Using the records below, transcribe word for word the stretch from the line that contains "Zdjęcie South Middle" through the line that contains "Église de Fira", both end lines included, and nothing else.

§ **Entries provided**:

+-------+

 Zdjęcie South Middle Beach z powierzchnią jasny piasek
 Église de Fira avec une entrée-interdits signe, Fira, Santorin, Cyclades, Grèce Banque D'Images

+-------+

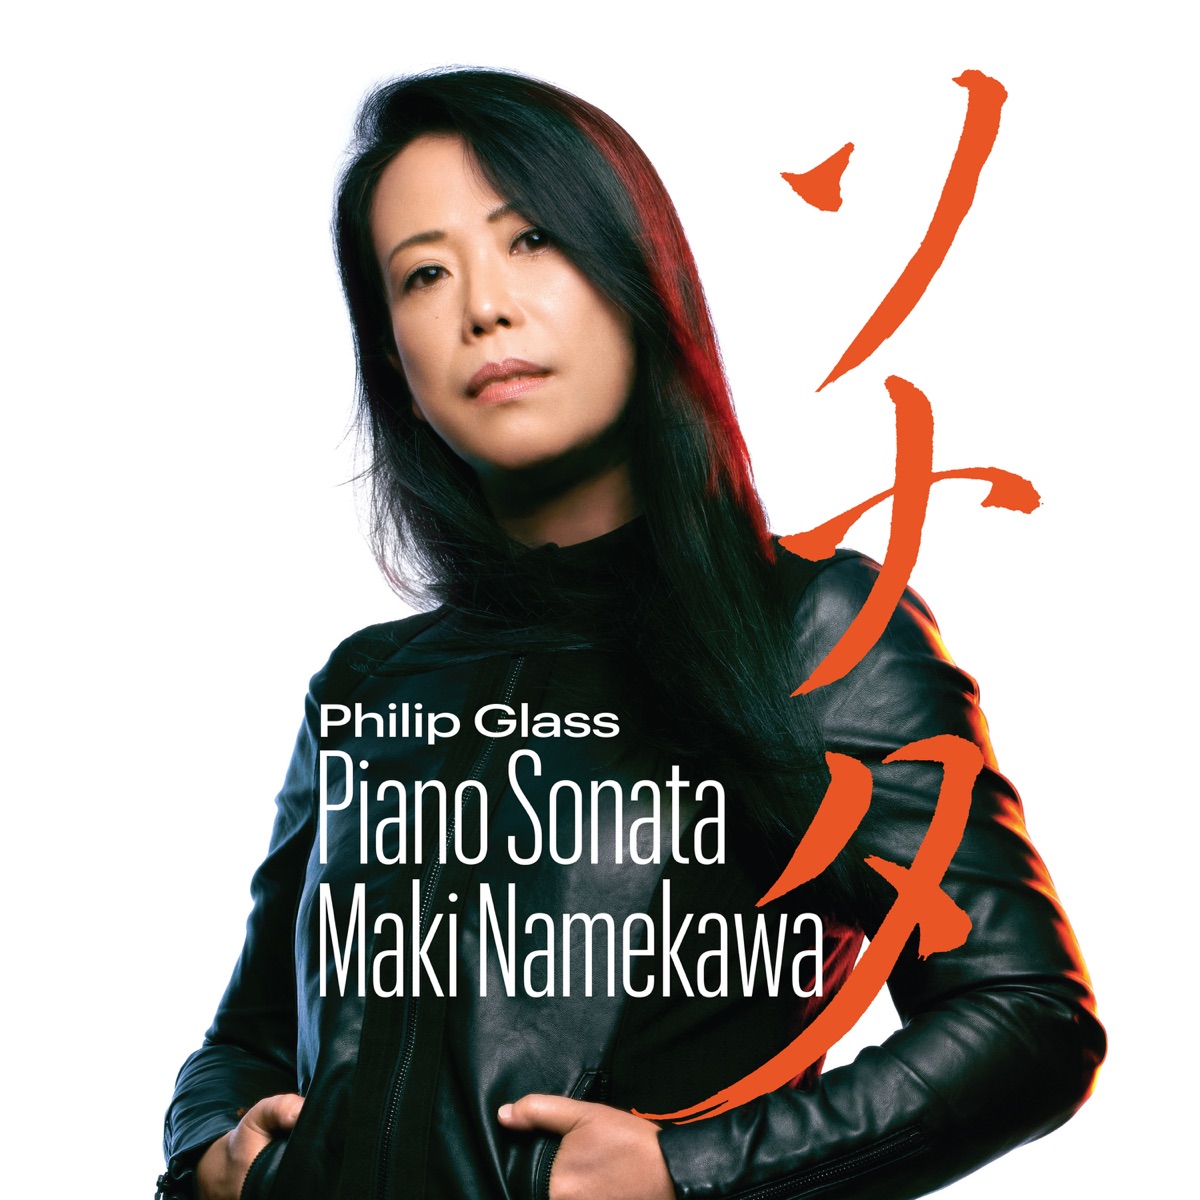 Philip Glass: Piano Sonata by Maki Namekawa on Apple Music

+-------+

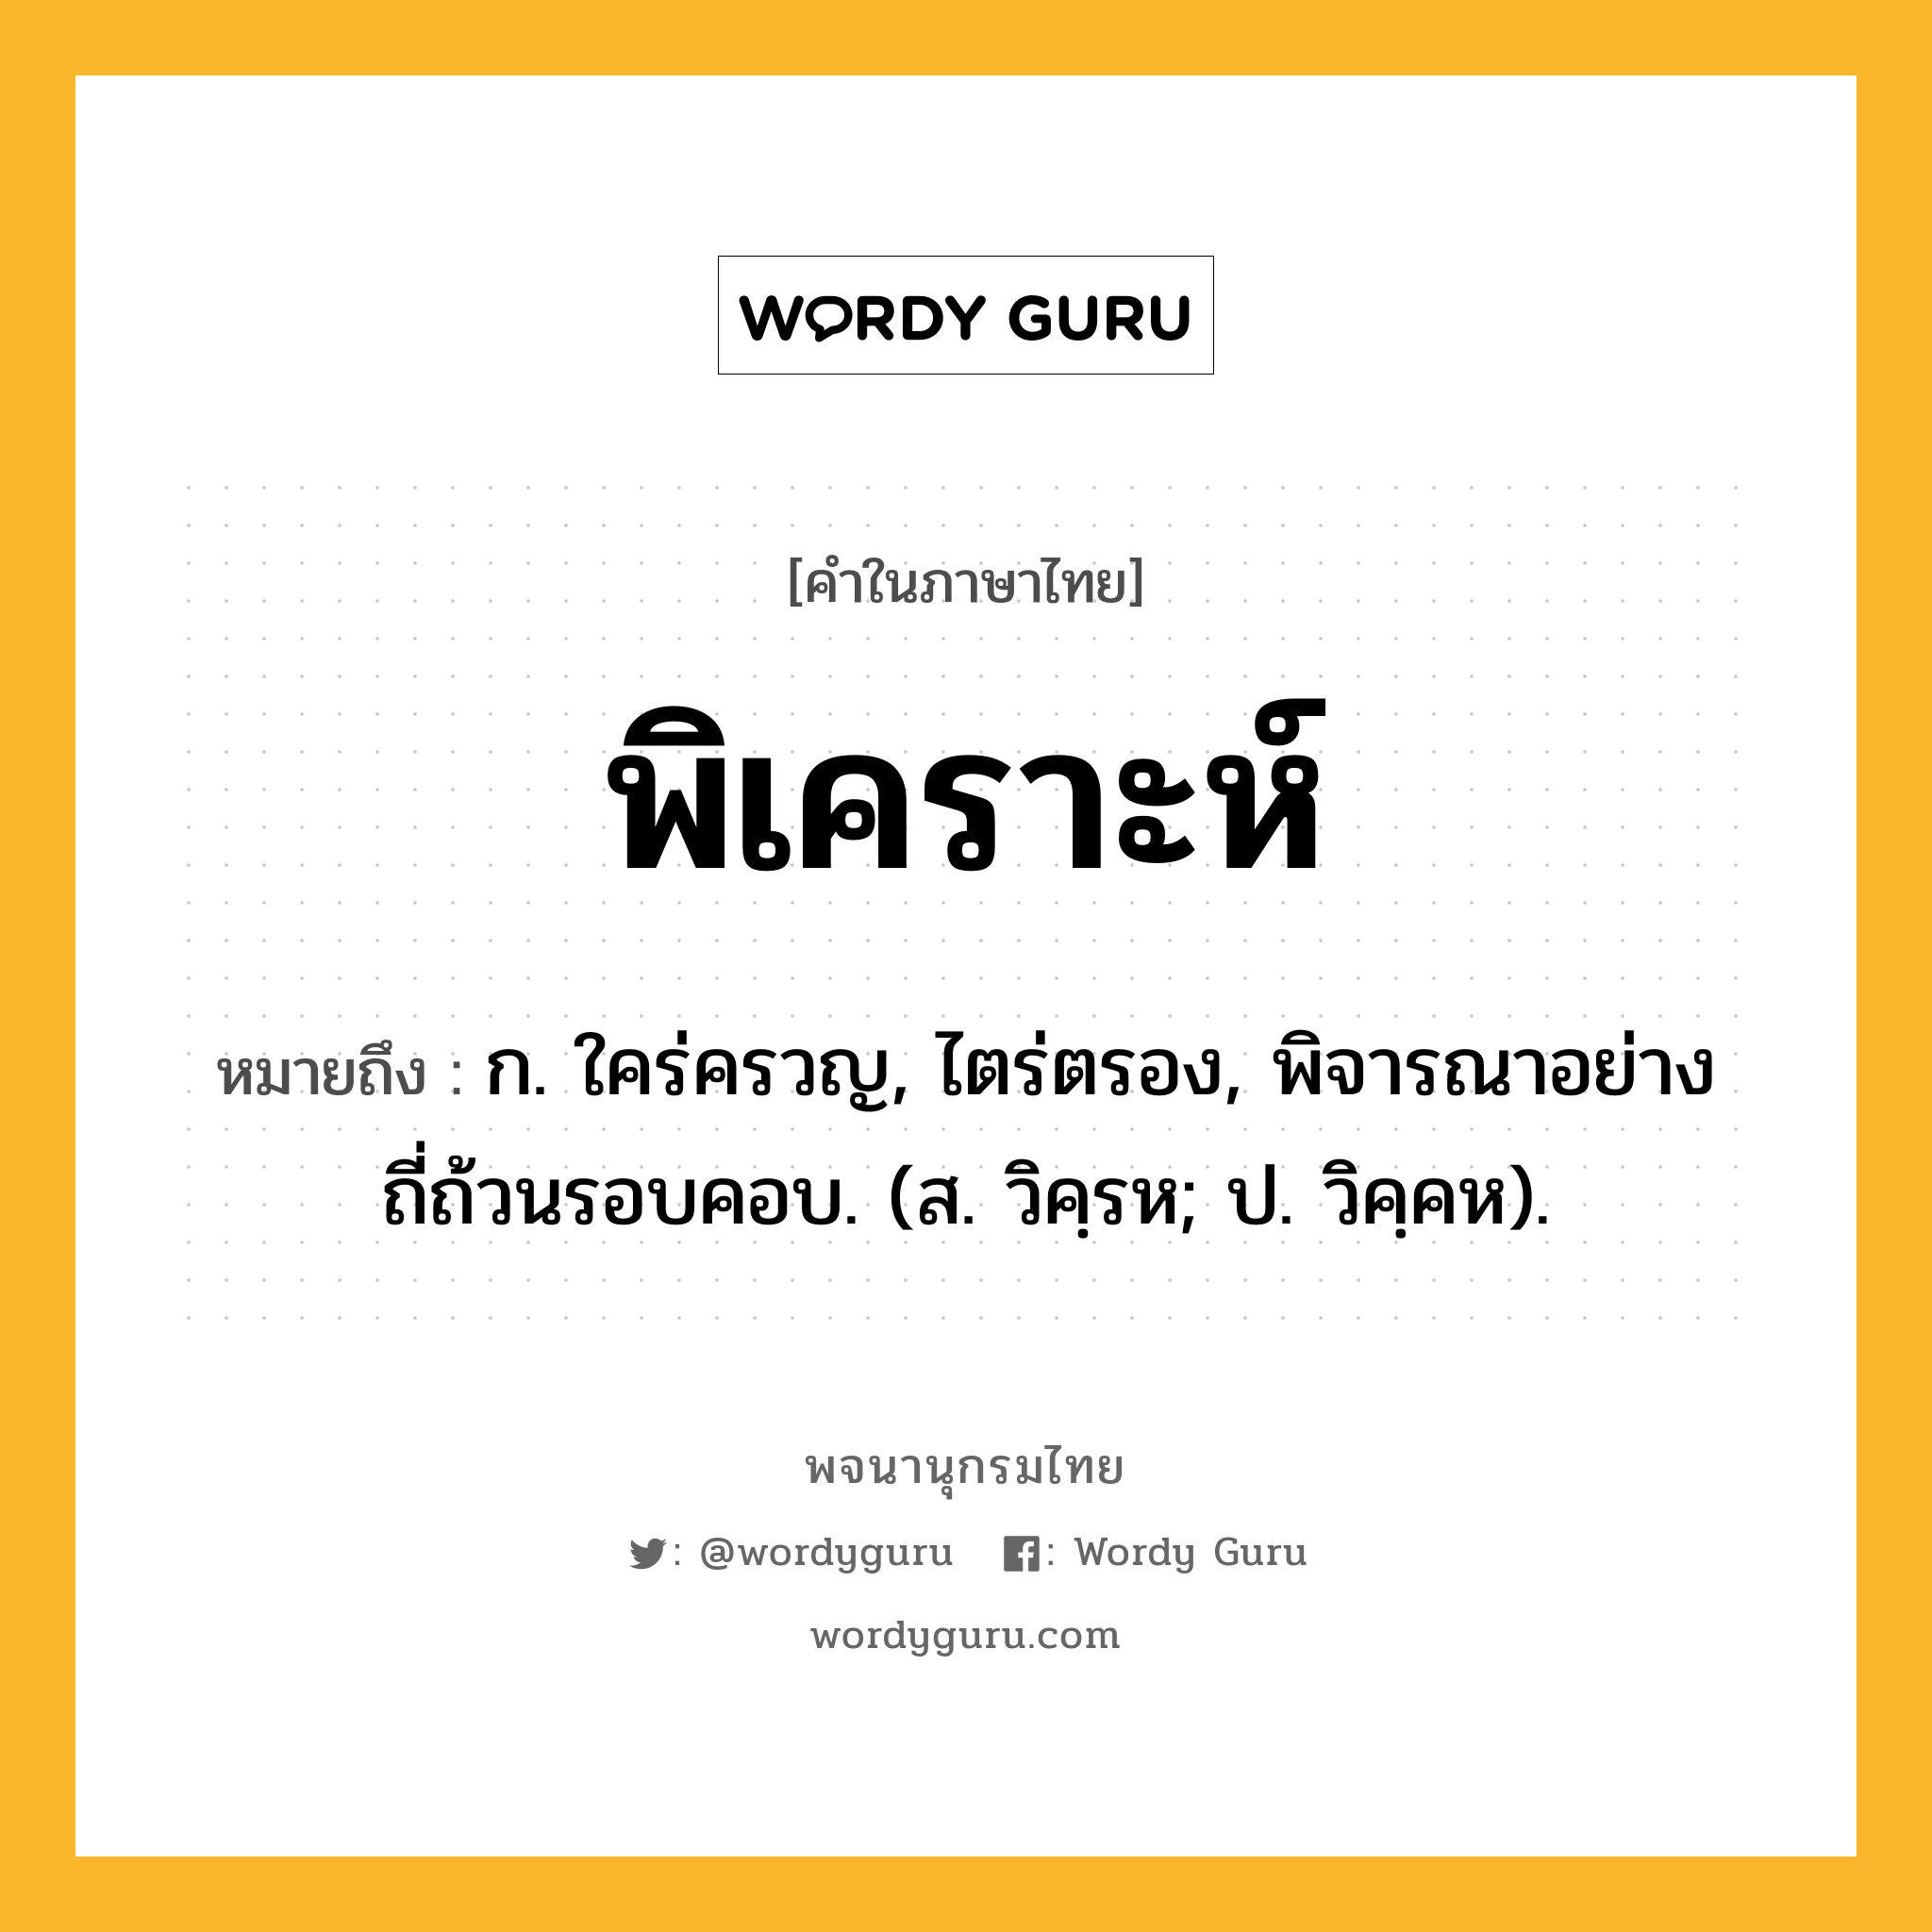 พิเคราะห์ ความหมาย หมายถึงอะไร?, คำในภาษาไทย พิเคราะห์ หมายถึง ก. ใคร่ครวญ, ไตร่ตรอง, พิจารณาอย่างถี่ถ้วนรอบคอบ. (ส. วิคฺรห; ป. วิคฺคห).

+-------+

§ **Written solution**:
 Zdjęcie South Middle Beach z powierzchnią jasny piasek
 Église de Fira avec une entrée-interdits signe, Fira, Santorin, Cyclades, Grèce Banque D'Images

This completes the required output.